> PROBLEM DESCRIPTION
Please restate each entry word for word and leave the pictures out.

Source data

________

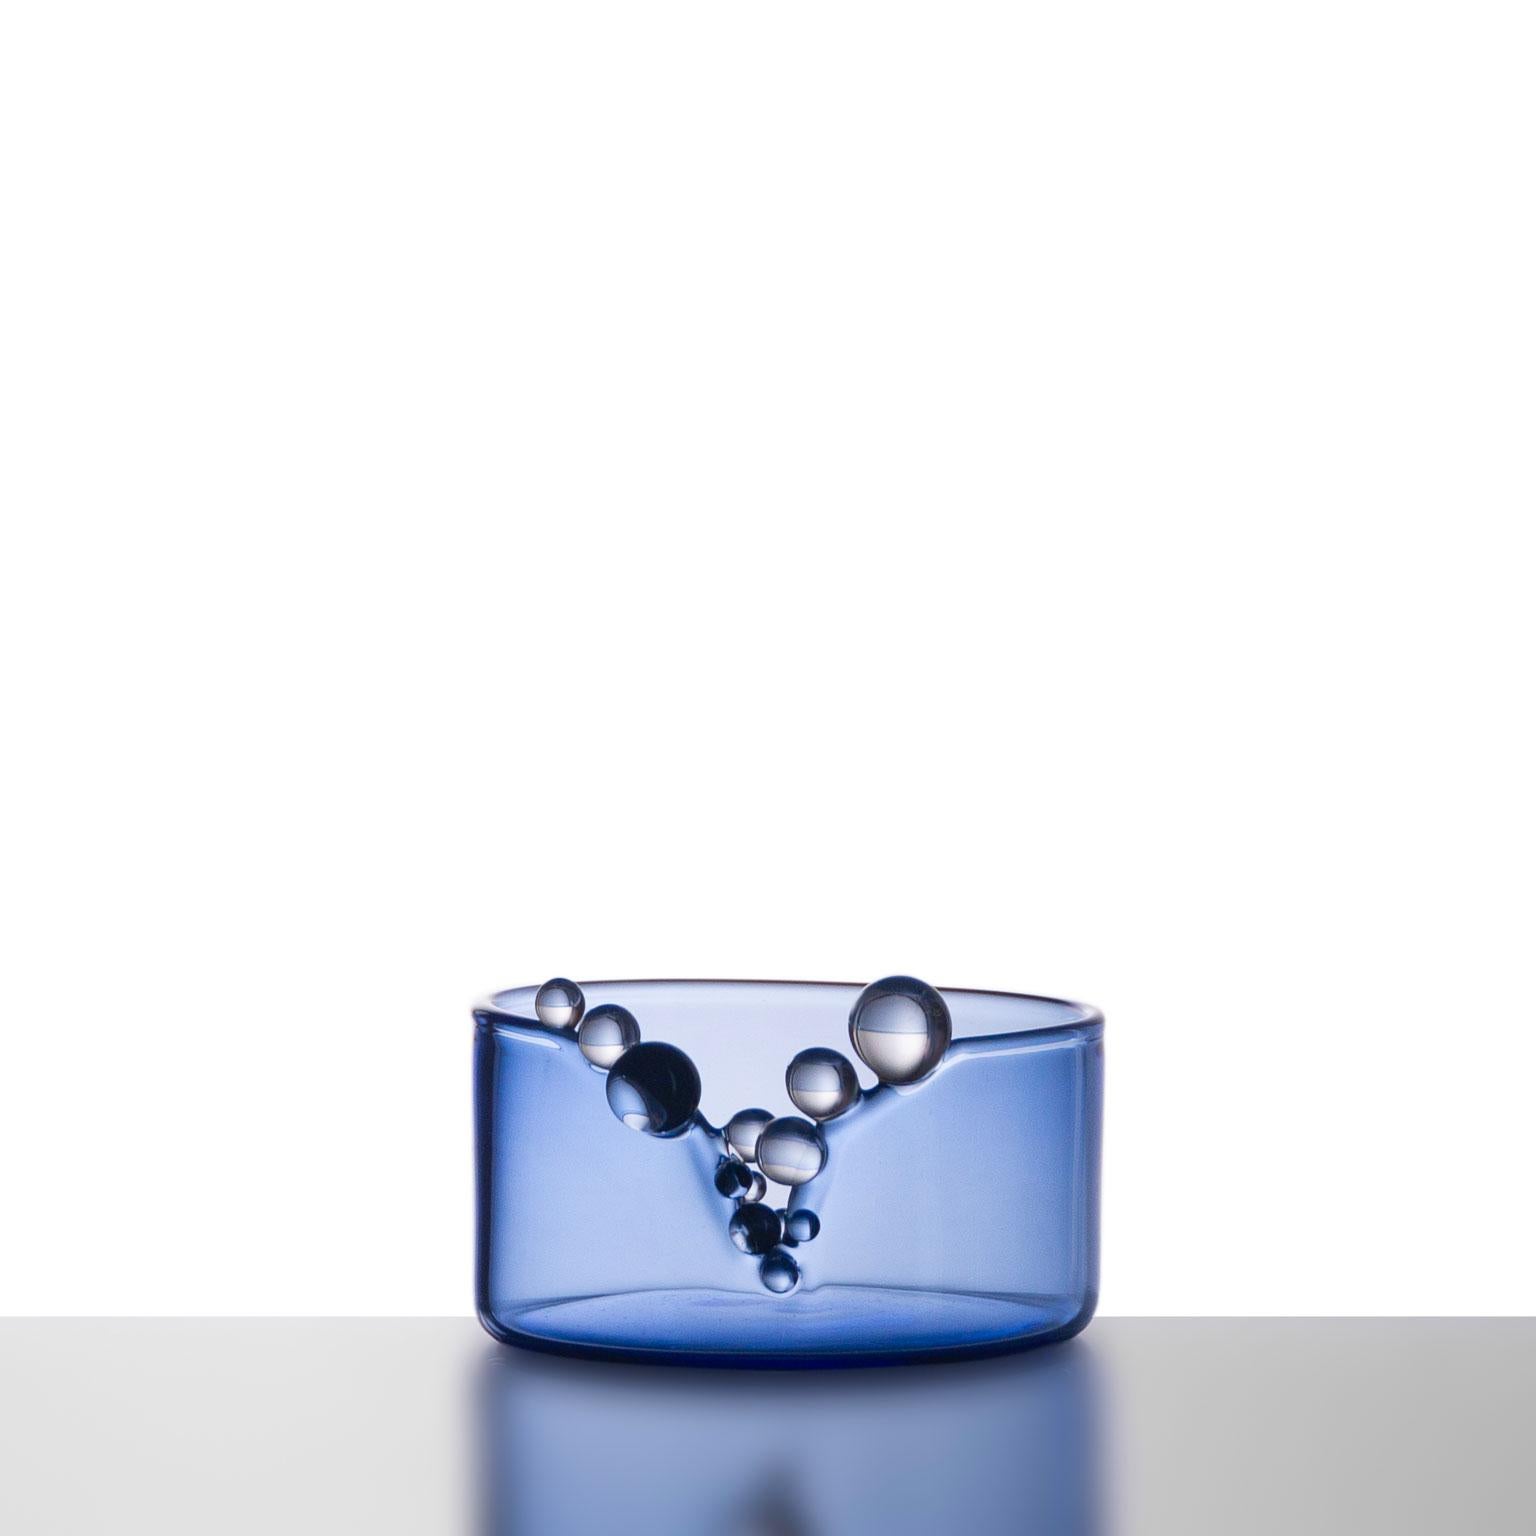 Vase en verre soufflé Bubble Kintsugi #Blue 2023 par Simone Crestani

Bulle Kintsugi #Bleu

Artiste : Simone Crestani
MATERIAL : Verre borosilicate
Technique : Flameworking
Pièce unique
Année : 2023
Mesures : Hauteur 2.36'', largeur 4.52'',

________

> EXERCISE OUTPUT
 Vase en verre soufflé Bubble Kintsugi #Blue 2023 par Simone Crestani

Bulle Kintsugi #Bleu

Artiste : Simone Crestani
MATERIAL : Verre borosilicate
Technique : Flameworking
Pièce unique
Année : 2023
Mesures : Hauteur 2.36'', largeur 4.52'',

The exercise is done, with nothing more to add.